Равнодушие весовщика – сорвалось выше об одном из конкретных суждений В. Кожинова. Говоря о концептуальных построениях и методологических основаниях его историософии, приходится повторить такое определение в смысле более расширительном. На это настраивают частые авторские манипуляции с фактами и цифрами. Не «десятки миллионов», а «на деле – 17 млн.», – резко роняет В. Кожинов, оспаривая общепризнанное в новейшей историографии количество жертв послеоктябрьских катастроф. Да хотя бы и «всего» 17 тысяч – по высшему счету гуманизма все равно предостаточно, чтобы предъявить большевистским узурпаторам власти обвинение в преступлениях против человечности! То же со сталинским Большим террором: не ахти какой он и большой, если в 1918-1922 годах людей в России погибло примерно в 30 раз больше, чем в 1936-1938, а в 1929-1933 – в 10 раз больше 10. Научно некорректная, говоря мягко, технология авторских исчислений прозрачна, как непролитая слеза сострадания: берется цифра репрессивных жертв НКВД и сопоставляется с общей цифрой потерь в гражданскую войну, в повальный голод в Поволжье и на Украине, в кнутобойный год «великого перелома» и прочие вместе взятые катаклизмы, каким нет числа.

То же равнодушие водило пером автора и тогда, когда, вырываясь на простор мировой истории, он с великодержавной российской вышки судил-рядил о судьбах других народов и государств. Такое, в частности, освещение, амнистирующее внешнюю политику русского самодержавия, получил «польский вопрос». «…Как ни удивительно, многие русские люди повторяют заведомо несостоятельную версию об участии России в «разделах Польши» (в 1772-1795 годах). Действительно польские земли «разделили» тогда между собой Австрия и Германия (точнее, Пруссия), а Россия только возвратила в свои границы исконно русские или, скажем так, исконно восточнославянские земли». Варшава и привислинский край исконно не были ни восточнославянскими, ни тем более русскими. Помня об этом, В.Кожинов растолковывает: они и вправду отошли к России в составе «относительно автономного Царства Польского», но значительно позже и исключительно в порядке компенсации за активную поддержку неблагодарными поляками Наполеона. Если это и был «раздел» Польши, то «оправданный» ее «агрессивными действиями ...в 1812 году» 11...

И адвокатское отношение к российскому черносотенству, и интерпретация «еврейского вопроса», созвучная заявлению С. Куняева о «второй еврейской революции» 12, будто бы свершившейся на наших глазах в борьбе за передел власти, вынуждают поставить двухтомник В. Кожинова если не впритык рядом, то вблизи «масоноведческих» сочинений О. Платонова, самозванного историка и писателя, год за годом выдающего тысячестраничные фолианты под кликушеским заголовком «Терновый венец России». Не к чести такое соседство...

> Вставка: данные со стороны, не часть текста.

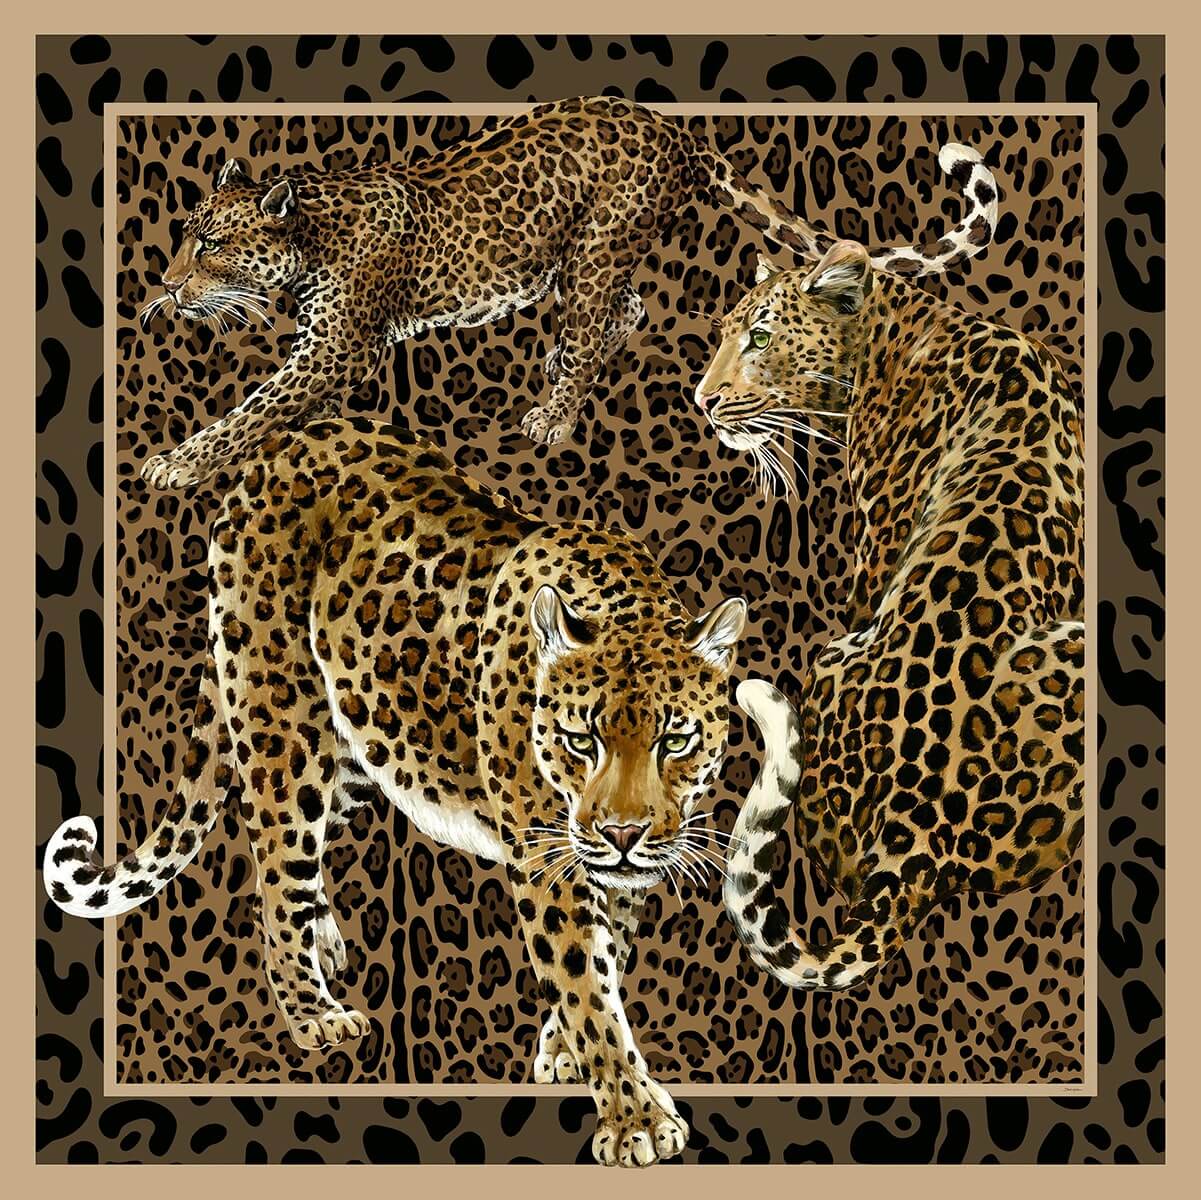 Seabrook Dolce & Gabbana Leopardo Incognito Wallpaper Mural - Jemma

Сращиваясь с наукой, литература, базирующаяся на обширном фактологическом материале, отводит «альтернативной истории» межеумочное место около как той, так и другой. Характерный образчик такой межеумочности – книга Александра Бушкова «Россия, которой не было. Загадки, версии, гипотезы» (1997). В отличие от фантастической художественной версии, положенной в сюжетную основу романа «Несокрушимая и легендарная», ее антинаучные фантазии настраивают не на полемическое несогласие, а на решительное отторжение. Уже исходная постановка вопросов, на которые А. Бушков предлагает концептуальные ответы, отдает нелепостью.

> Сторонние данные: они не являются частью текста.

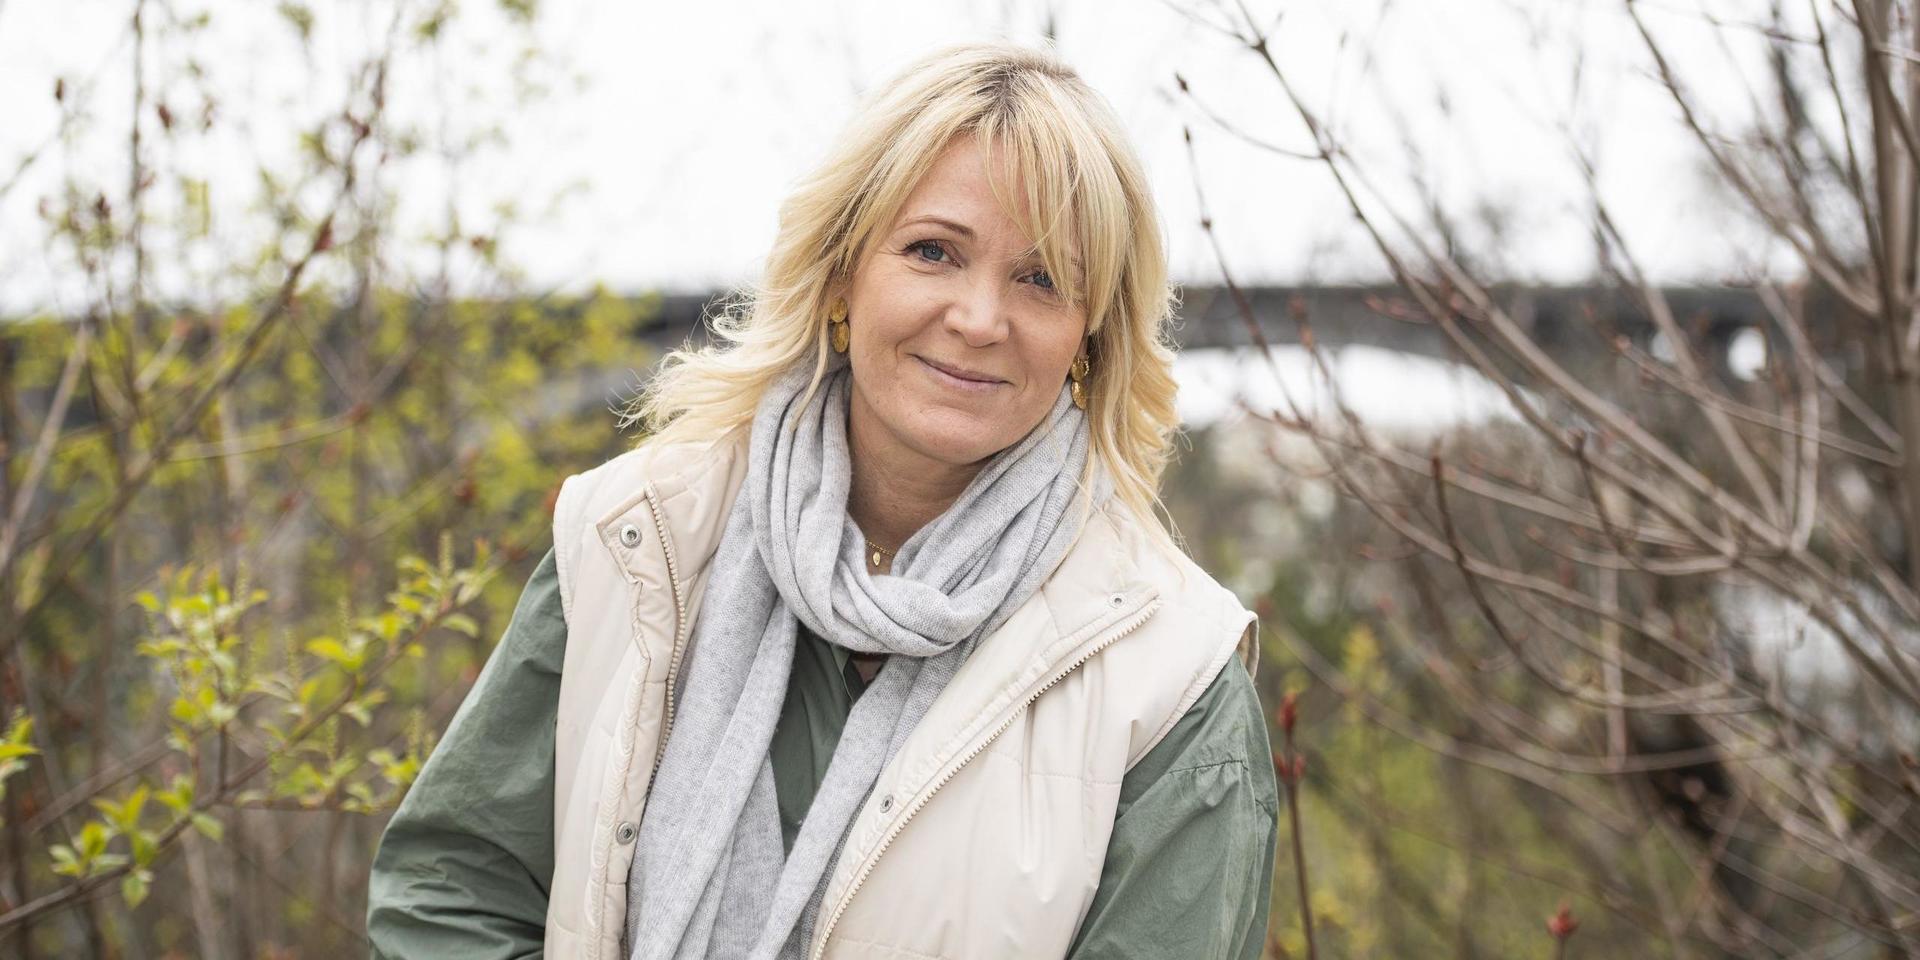 Kattis Ahlström leder tv-programmet ”Muren” i SVT, men har som vanligt mycket på gång samtidigt. Snart kommer boken ”Konsten att mötas”, som hon är medförfattare till.

Что и как было бы, если бы:

– Древняя Русь стала не православной, а католической?

– Или не христианской, а мусульманской, притом суннитской?

– Московский трон удержался за Лжедмитрием?

– В борьбе за власть победа досталась царевне Софье, а не Петру Первому?

– Не Екатерине II, а Петру III?

– Не было заговора против Павла?

– Не был убит Александр II?

– А в советские времена Сталина сменил не Хрущев, а Берия?

В любом из предложенных вариантов Россию ждало на удивление счастливое будущее, непременно великодержавное, благоприятное для имперских вожделений мирового господства.

Так, в католическом варианте – по бушковской нумерации «виртуальность – I» – воцарение Ивана Грозного на краковском престоле «можно с уверенностью назвать делом практически решенным... Над Европой нависла бы огромная славянская держава, включающая Московию, Великое Княжество Литовское и Польшу, объединенных общей верой... Нет сомнений, что Иван Грозный сумел бы и на новом престоле бороться со своевольными магнатами так, как привык это делать на Руси...». Возблагодарим историю за то, что сия опричная чаша миновала польскую аристократию. И предоставим автору наедине с собой терзаться той «нешуточной грустью», какая охватывает его «при мысли об упущенных возможностях... чересчур заманчив этот вариант католической славянской сверхдержавы», которая еще в середине XVI века наверняка склонила бы «чашу весов в пользу полной и безоговорочной победы над первыми глашатаями лютеранской ереси. Пожар был бы погашен в самом зародыше – следовательно, не было бы ни Тридцатилетней войны, ни полувековой французской смуты, ни господства протестантизма в Англии» 13.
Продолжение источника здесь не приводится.